SOURCE DATA –
#####

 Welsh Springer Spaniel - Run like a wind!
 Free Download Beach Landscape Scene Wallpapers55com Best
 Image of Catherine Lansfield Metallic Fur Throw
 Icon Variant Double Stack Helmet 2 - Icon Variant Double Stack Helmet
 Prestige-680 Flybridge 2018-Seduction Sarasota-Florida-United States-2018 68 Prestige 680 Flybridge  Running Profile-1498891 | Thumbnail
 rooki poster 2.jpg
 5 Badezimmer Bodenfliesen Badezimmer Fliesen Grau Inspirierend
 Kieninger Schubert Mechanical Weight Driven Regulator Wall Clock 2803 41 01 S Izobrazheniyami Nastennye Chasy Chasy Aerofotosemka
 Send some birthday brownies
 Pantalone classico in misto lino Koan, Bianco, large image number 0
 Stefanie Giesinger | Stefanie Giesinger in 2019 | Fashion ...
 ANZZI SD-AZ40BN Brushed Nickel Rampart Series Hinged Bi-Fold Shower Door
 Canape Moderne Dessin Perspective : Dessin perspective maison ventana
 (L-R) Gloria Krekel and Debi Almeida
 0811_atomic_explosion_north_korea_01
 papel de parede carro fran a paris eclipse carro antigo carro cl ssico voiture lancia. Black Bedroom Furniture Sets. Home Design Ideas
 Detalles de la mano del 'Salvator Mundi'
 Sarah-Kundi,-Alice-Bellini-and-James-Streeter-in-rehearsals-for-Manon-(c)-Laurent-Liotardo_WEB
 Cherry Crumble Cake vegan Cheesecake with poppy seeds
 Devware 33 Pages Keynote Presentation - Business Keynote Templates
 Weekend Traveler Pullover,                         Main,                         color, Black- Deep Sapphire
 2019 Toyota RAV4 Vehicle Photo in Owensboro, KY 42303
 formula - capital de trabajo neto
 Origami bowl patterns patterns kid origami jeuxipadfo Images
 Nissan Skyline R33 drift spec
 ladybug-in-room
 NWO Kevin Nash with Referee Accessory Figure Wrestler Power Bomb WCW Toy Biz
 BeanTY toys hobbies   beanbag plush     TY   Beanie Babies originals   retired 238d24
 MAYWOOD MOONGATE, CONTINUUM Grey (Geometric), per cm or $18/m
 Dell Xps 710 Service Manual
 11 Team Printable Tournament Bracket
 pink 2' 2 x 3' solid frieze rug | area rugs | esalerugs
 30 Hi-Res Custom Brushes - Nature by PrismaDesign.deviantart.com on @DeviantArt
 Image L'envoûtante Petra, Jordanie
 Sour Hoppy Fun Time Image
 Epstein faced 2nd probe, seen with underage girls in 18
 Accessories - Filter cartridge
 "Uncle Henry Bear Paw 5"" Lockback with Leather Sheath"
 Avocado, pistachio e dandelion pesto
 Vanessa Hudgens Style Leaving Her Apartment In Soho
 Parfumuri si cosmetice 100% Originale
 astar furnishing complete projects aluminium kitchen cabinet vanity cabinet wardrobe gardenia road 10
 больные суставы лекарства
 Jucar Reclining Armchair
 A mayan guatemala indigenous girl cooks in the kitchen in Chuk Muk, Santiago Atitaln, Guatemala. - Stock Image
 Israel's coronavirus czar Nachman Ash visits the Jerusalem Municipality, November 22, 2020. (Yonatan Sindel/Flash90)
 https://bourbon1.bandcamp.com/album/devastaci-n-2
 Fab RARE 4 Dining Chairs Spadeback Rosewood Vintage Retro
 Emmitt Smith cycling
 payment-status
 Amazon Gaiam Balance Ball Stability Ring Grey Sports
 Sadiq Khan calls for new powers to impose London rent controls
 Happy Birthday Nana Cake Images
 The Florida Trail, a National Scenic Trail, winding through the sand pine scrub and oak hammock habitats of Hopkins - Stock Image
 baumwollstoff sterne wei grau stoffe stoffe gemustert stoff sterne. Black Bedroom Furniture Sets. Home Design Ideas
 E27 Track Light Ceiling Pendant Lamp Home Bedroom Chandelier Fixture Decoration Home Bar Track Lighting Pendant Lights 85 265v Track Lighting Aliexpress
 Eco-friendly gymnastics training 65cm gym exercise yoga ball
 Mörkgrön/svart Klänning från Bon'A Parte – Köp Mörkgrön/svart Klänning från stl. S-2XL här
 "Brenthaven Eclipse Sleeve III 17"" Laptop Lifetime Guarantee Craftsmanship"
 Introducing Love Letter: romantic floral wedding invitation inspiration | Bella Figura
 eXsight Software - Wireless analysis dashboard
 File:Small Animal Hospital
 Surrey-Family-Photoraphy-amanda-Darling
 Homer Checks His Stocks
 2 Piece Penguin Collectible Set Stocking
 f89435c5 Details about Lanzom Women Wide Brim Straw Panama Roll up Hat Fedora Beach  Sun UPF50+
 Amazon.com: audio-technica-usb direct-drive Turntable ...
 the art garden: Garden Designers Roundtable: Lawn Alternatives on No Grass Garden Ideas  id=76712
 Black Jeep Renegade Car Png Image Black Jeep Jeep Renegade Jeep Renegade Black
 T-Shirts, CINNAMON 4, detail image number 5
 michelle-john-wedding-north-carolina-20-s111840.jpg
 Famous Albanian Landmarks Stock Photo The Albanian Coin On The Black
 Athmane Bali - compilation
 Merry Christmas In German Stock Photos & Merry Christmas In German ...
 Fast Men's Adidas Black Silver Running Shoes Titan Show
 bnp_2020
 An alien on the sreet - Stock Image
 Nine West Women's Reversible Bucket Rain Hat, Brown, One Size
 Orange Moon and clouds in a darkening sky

#####

WHAT IS BEING ASKED – Using the entries above, give again exactly the lines from the line holding "11 Team Printable Tournament Bracket" through the line holding "2 Piece Penguin Collectible Set Stocking". Include both end lines and nothing else.

YOUR SOLUTION –
 11 Team Printable Tournament Bracket
 pink 2' 2 x 3' solid frieze rug | area rugs | esalerugs
 30 Hi-Res Custom Brushes - Nature by PrismaDesign.deviantart.com on @DeviantArt
 Image L'envoûtante Petra, Jordanie
 Sour Hoppy Fun Time Image
 Epstein faced 2nd probe, seen with underage girls in 18
 Accessories - Filter cartridge
 "Uncle Henry Bear Paw 5"" Lockback with Leather Sheath"
 Avocado, pistachio e dandelion pesto
 Vanessa Hudgens Style Leaving Her Apartment In Soho
 Parfumuri si cosmetice 100% Originale
 astar furnishing complete projects aluminium kitchen cabinet vanity cabinet wardrobe gardenia road 10
 больные суставы лекарства
 Jucar Reclining Armchair
 A mayan guatemala indigenous girl cooks in the kitchen in Chuk Muk, Santiago Atitaln, Guatemala. - Stock Image
 Israel's coronavirus czar Nachman Ash visits the Jerusalem Municipality, November 22, 2020. (Yonatan Sindel/Flash90)
 https://bourbon1.bandcamp.com/album/devastaci-n-2
 Fab RARE 4 Dining Chairs Spadeback Rosewood Vintage Retro
 Emmitt Smith cycling
 payment-status
 Amazon Gaiam Balance Ball Stability Ring Grey Sports
 Sadiq Khan calls for new powers to impose London rent controls
 Happy Birthday Nana Cake Images
 The Florida Trail, a National Scenic Trail, winding through the sand pine scrub and oak hammock habitats of Hopkins - Stock Image
 baumwollstoff sterne wei grau stoffe stoffe gemustert stoff sterne. Black Bedroom Furniture Sets. Home Design Ideas
 E27 Track Light Ceiling Pendant Lamp Home Bedroom Chandelier Fixture Decoration Home Bar Track Lighting Pendant Lights 85 265v Track Lighting Aliexpress
 Eco-friendly gymnastics training 65cm gym exercise yoga ball
 Mörkgrön/svart Klänning från Bon'A Parte – Köp Mörkgrön/svart Klänning från stl. S-2XL här
 "Brenthaven Eclipse Sleeve III 17"" Laptop Lifetime Guarantee Craftsmanship"
 Introducing Love Letter: romantic floral wedding invitation inspiration | Bella Figura
 eXsight Software - Wireless analysis dashboard
 File:Small Animal Hospital
 Surrey-Family-Photoraphy-amanda-Darling
 Homer Checks His Stocks
 2 Piece Penguin Collectible Set Stocking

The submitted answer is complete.